A requirements file is a simple text file that contains a list of Python packages that are required for the project. You can create a `requirements.txt` file in the same directory as this notebook with the following contents:

```
requests
pandas
matplotlib
python-dotenv
prophet
jupyter
ipywidgets
plotly
```

You can install the required packages using the following command:

```
pip install -r requirements.txt
```

## Requirements Versioning {.smaller-90}

You can specify the version of the required packages in the `requirements.txt` file.  This is referred to as "pinning" the versions of the required packages. For example, to require version 2.25.0 of the `requests` package, you can add the following line to the `requirements.txt` file:

```
requests==2.25.0
```

You can also specify a range of versions. For example, to require version 2.25.x of the `requests` package, you can add the following line to the `requirements.txt` file:

```
requests>=2.25.0,<2.26.0
```

## API Data Endpoint {.smaller-75}

The API is described in the [NOAA API documentation](https://www.ncdc.noaa.gov/cdo-web/webservices/v2). We will be using the following data endpoint `https://www.ncei.noaa.gov/cdo-web/api/v2/data` to download the weather data.

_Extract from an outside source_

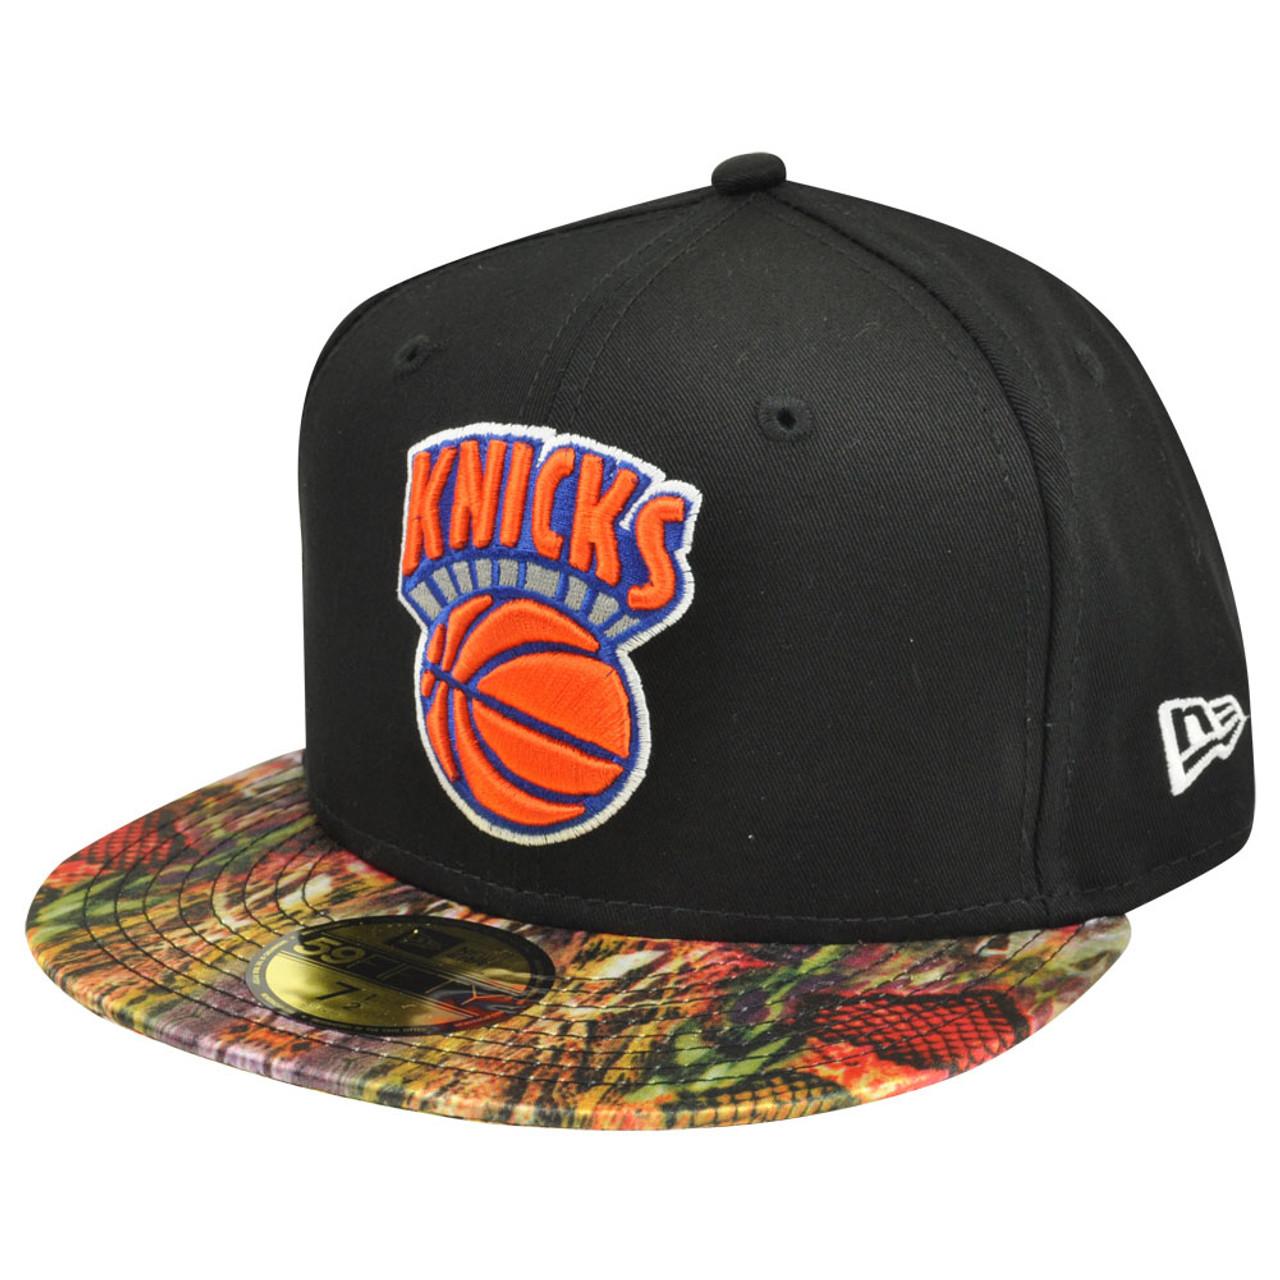 dd93000e NBA HWC New Era 59Fifty 5950 NY New York Knicks Snake Visor Fitted Hat Cap  - Cap Store Online.com

We will specify the following parameters in the query string:

- `datasetid=GHCND` (to specify the dataset Global Historical Climatology Network)
- `stationid=GHCND:USW00093814` (to specify the Cincinnati/Northern Kentucky International Airport weather station)
- `datatypeid=TMAX,TMIN`
- `units=standard` (to specify standard units - Fahrenheit)
- `startdate=<start_date>` (to specify the start date)
- `enddate=<end_date>` (to specify the end date)
- `limit=1000`


## Token Security {.smaller-90}

You should keep your API token secure. Do not share it with others or post it publicly. You can store your API token in a file named `.env` in the same directory as your code. The `.env` file should contain the following line:

```
NOAA_TOKEN=your-api-token
```

## Test Code {.hide .smaller-55}

```python
import requests
import os
from dotenv import load_dotenv

load_dotenv()
noaa_token = os.getenv("NOAA_TOKEN")

base_url = "https://www.ncdc.noaa.gov/cdo-web/api/v2"
data_endpoint = f"{base_url}/data"
headers = {"token": noaa_token}

params = {
    "datasetid": "GHCND",
    "stationid": "GHCND:USW00093814",
    "startdate": "2024-10-01",
    "enddate": "2024-10-31",
    "datatypeid": "TMAX,TMIN",  # Only temperature data types
    "units": "standard",  # Use standard units (Fahrenheit)
    "limit": 1000
}

response = requests.get(
    data_endpoint,
    headers=headers,
    params=params
)

response.raise_for_status()

if response.status_code == 200:
    data = response.json()
```

## Basic Temperature Forecasting {.hide .smaller-85}

:::: {.columns}

::: {.column width=40%}
For a basic temperature forecasting model, you should ideally have at least 3-5 years of historical data to capture seasonal patterns and year-to-year variations effectively. 10+ years is ideal for capturing longer-term patterns and climate trends.
:::

::: {.column width=60%}
![](./usw00093814-station-details.png)
:::

::::


## `dataclass` {.hide .smaller-90}

In Python, there is a special decorator called `dataclass` that can be used to create classes that are primarily used to store data. A `dataclass` automatically generates special methods such as `__init__`, `__repr__`, and `__eq__` for the class.  A `dataclass` is essentially a class that has boilerplate methods generated automatically.

::: {.notes}
- [Data Classes](https://docs.python.org/3/library/dataclasses.html)
A data class is a class typically containing mainly data, without complex logic. Data classes are similar to namedtuples, but are more flexible.  Data classes are created using the `@dataclass` decorator.  Data classes are classes with boilerplate methods generated automatically.
:::

## Import Statements {.smaller-90}

```python
from dataclasses import dataclass
from datetime import datetime
from datetime import timedelta
from dateutil.relativedelta import relativedelta
import pandas as pd
import requests
import matplotlib.pyplot as plt
from prophet import Prophet
```

## Step 1 {.hide .smaller-60}

**Step 1**: We will create a `GHCNDStationTemps` dataclass to interact with the NOAA API and retrieve historical temperatures from a station.

::: {.callout-info}
Notice that there is no need to define the `__init__` method explicitly. The `dataclass` decorator automatically generates the `__init__` method for the class.
:::

In [15]:
from dataclasses import dataclass
from datetime import datetime
from datetime import timedelta

@dataclass
class GHCNDStationTemps:
    token: str
    stationid: str
    end_date: datetime = datetime.now().date() - timedelta(days=1)
    years_of_history: int = 3
    endpoint: str = "https://www.ncdc.noaa.gov/cdo-web/api/v2/data"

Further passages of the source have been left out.